Reputation: 397
I am trying to create a simulation using boost library, but I encountered a problem on asynchronous communication of processes. In our case, there are 2 processes which sends/receives messages from/to each other (using isend and ireceive commands). If I wait for all send/receive commands to complete, then everything is OK. So, this is my working code:
boost::mpi::communicator* comm;
// Initialize MPI and etc.
...
std::vector<boost::mpi::request> sendRequests;
std::vector<boost::mpi::request> receiveRequests;
for(int i=0; i< 10; i++){
receiveRequests.push_back(comm->irecv(0, 3000, receivedMessage));
sendRequests.push_back(comm->isend(1, 3000, sentMessage));
boost::mpi::wait_all(receiveRequests.begin(), receiveRequests.end());
receiveRequests.clear();
}
However, I want to cancel receiving messages if it takes too much time. So, I try to test if the communication is completed or not, using test and cancel function. So, I modified my code just like below:
boost::mpi::communicator* comm;
// Initialize MPI and etc.
...
std::vector<boost::mpi::request> sendRequests;
std::vector<boost::mpi::request> receiveRequests;
for(int i=0; i< 10; i++){
receiveRequests.push_back(comm->irecv(0, 3000, receivedMessage));
sendRequests.push_back(comm->isend(1, 3000, sentMessage));
vector<boost::mpi::request>::iterator it = receiveRequests.begin();
while(it != receiveRequests.end()){
if(!((*it).test()))
(*it).cancel();
receiveRequests.erase(it);
}
}
Now, my program crashes and I get this error after the first iteration of the loop:
terminate called after throwing an instance of 'std::length_error'
what(): vector::_M_fill_insert
terminate called after throwing an instance of 'std::bad_alloc'
what(): std::bad_alloc
terminate called after throwing an instance of 'boost::exception_detail::clone_impl<boost::exception_detail::error_info_injector<boost::mpi::exception> >'
what(): MPI_Test: Message truncated, error stack:
PMPI_Test(168)....................: MPI_Test(request=0x13bba24, flag=0x7fff081a7bd4, status=0x7fff081a7ba0) failed
MPIR_Test_impl(63)................:
MPIDI_CH3U_Receive_data_found(129): Message from rank 0 and tag 3000 truncated; 670 bytes received but buffer size is 577
So, I'd like to know how to resolve this error.
Upvotes: 1
Views: 556
Reputation: 397
Finally, I figured it out. It was just because of the race condition between test and cancel methods. Since there are hundreds of message requests during the run-time, sometimes this situation occurs. After testing a request, the program cannot cancel it, because it has just finished (after the test method, but before the cancel method). That's why it occurs irregularly. So, I had to change the way what I wanted to do and remove the cancel method.
Upvotes: 0
Reputation: 393593
Where does it
come from? It's nowhere
Note that push_back could reallocate and this invalidates any pending iterators.

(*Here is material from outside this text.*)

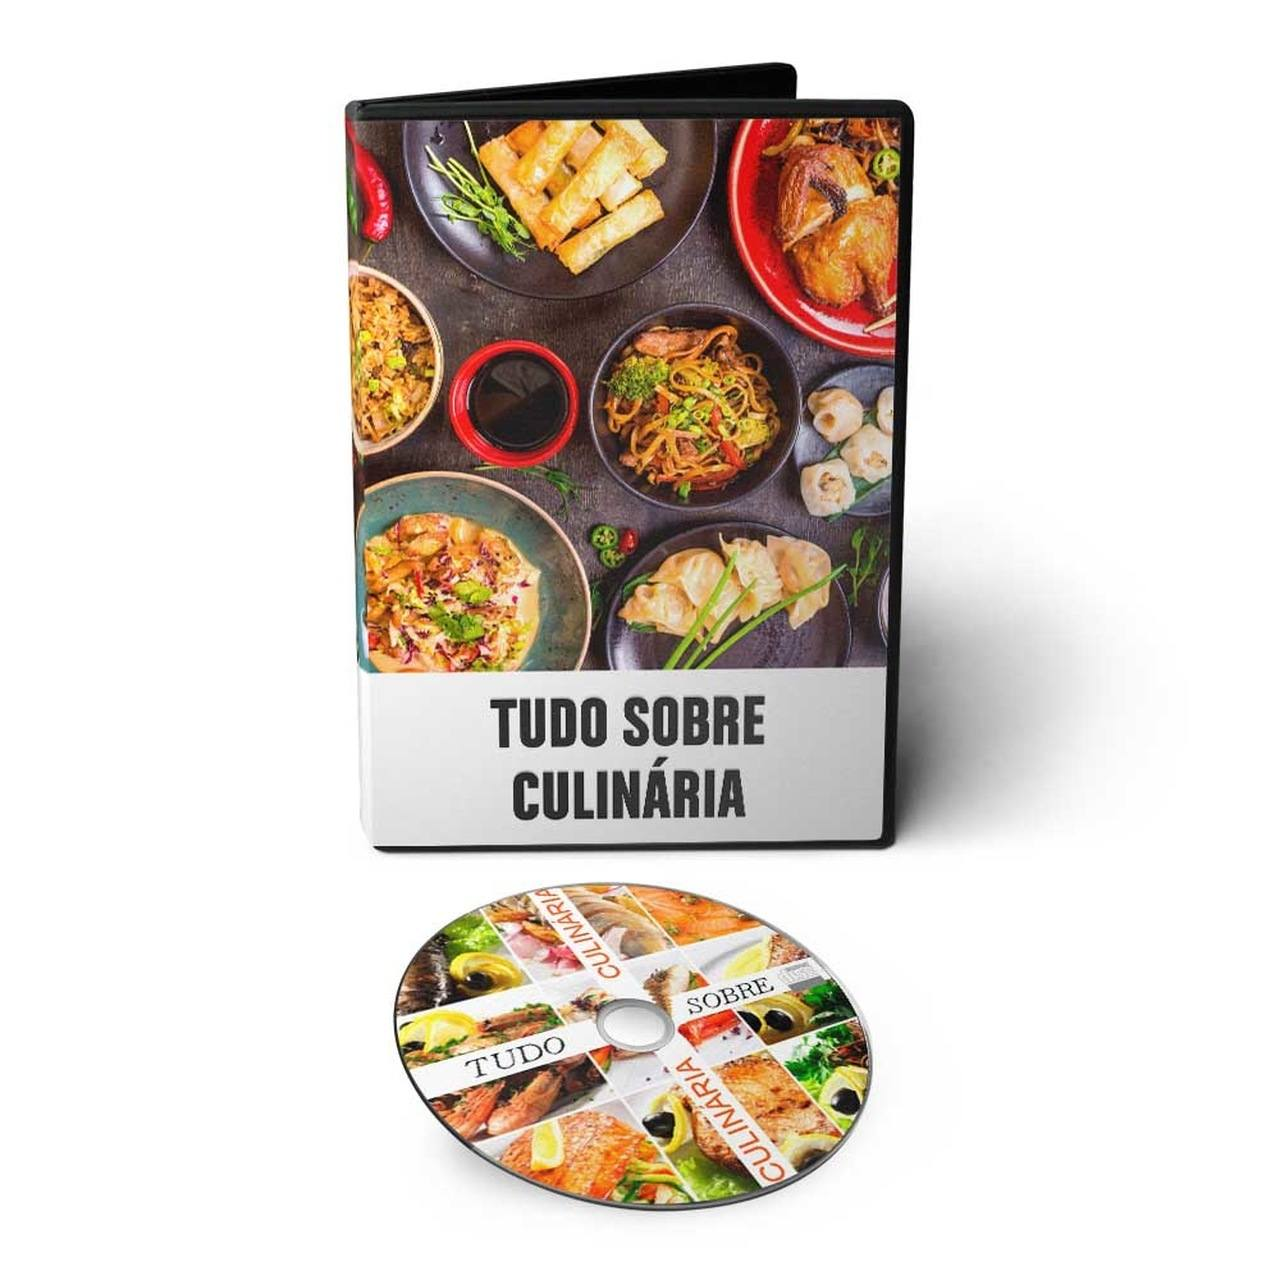 Tudo sobre Culinária + Milhares de Receitas em 02 DVDs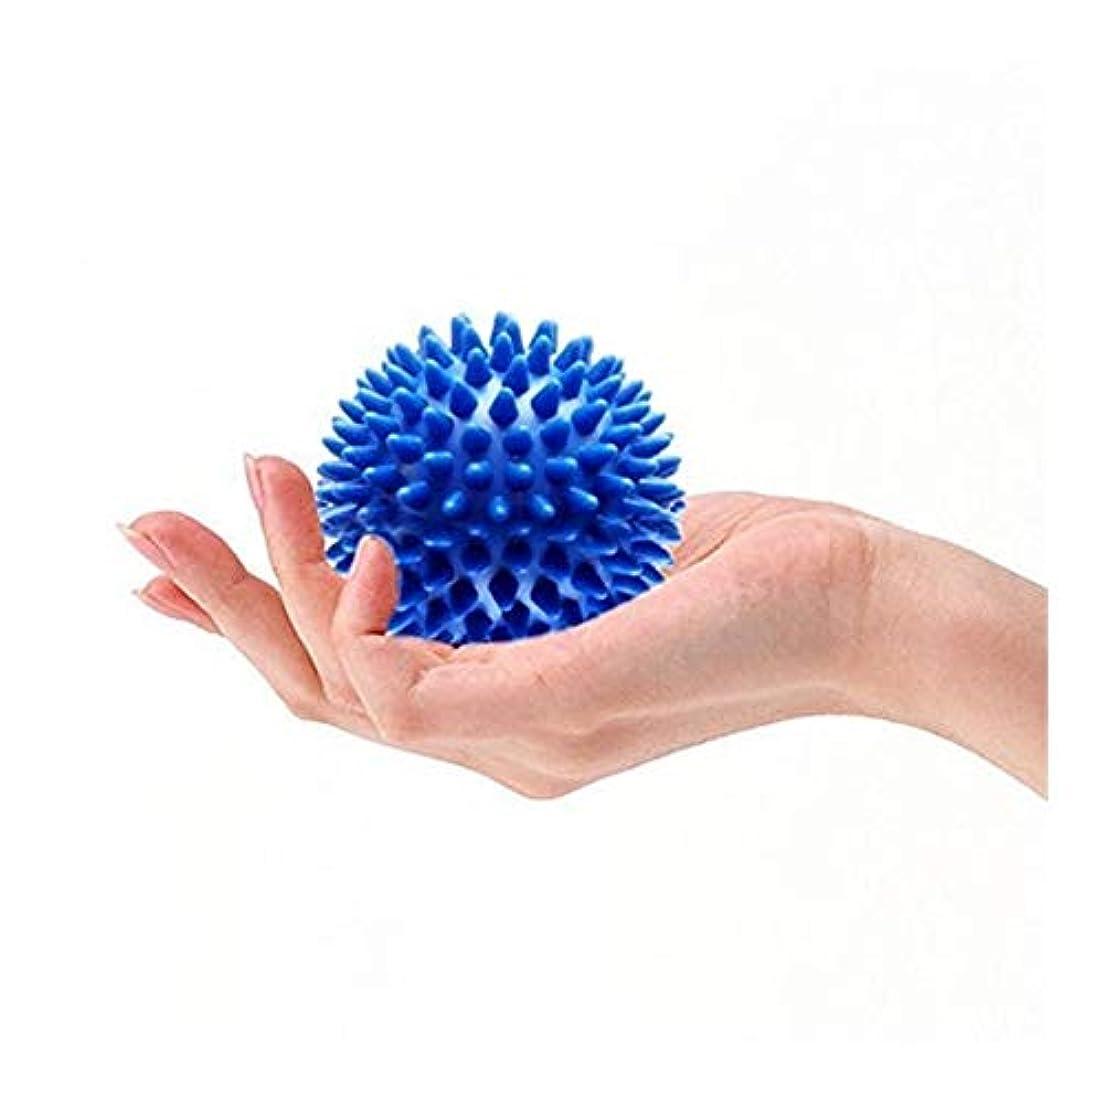 シャックルメニューコインマッサージボール マッサージボール 触覚ボール 背中のマッサージボール 足裏手 筋肉緊張和らげ 血液循環促進 ポイントマッサージ 筋筋膜リリース リハビリ マッサージ用 肩こり 腰 ふくらはぎ ツボ押しグッズ

Also note that you need to conditionally increment it
in case you did the removal. The typical pattern is
it = receiveRequests.erase(it);
Update I see you have added information to the question. It should probably be:
vector<boost::mpi::request>::iterator it = receiveRequests.begin();
while(it != receiveRequests.end()){
if(!((*it).test()))
(*it).cancel();
it = receiveRequests.erase(it);
}
I'm not sure why you always erase every receive request. I'm assuming that's the intent
Upvotes: 1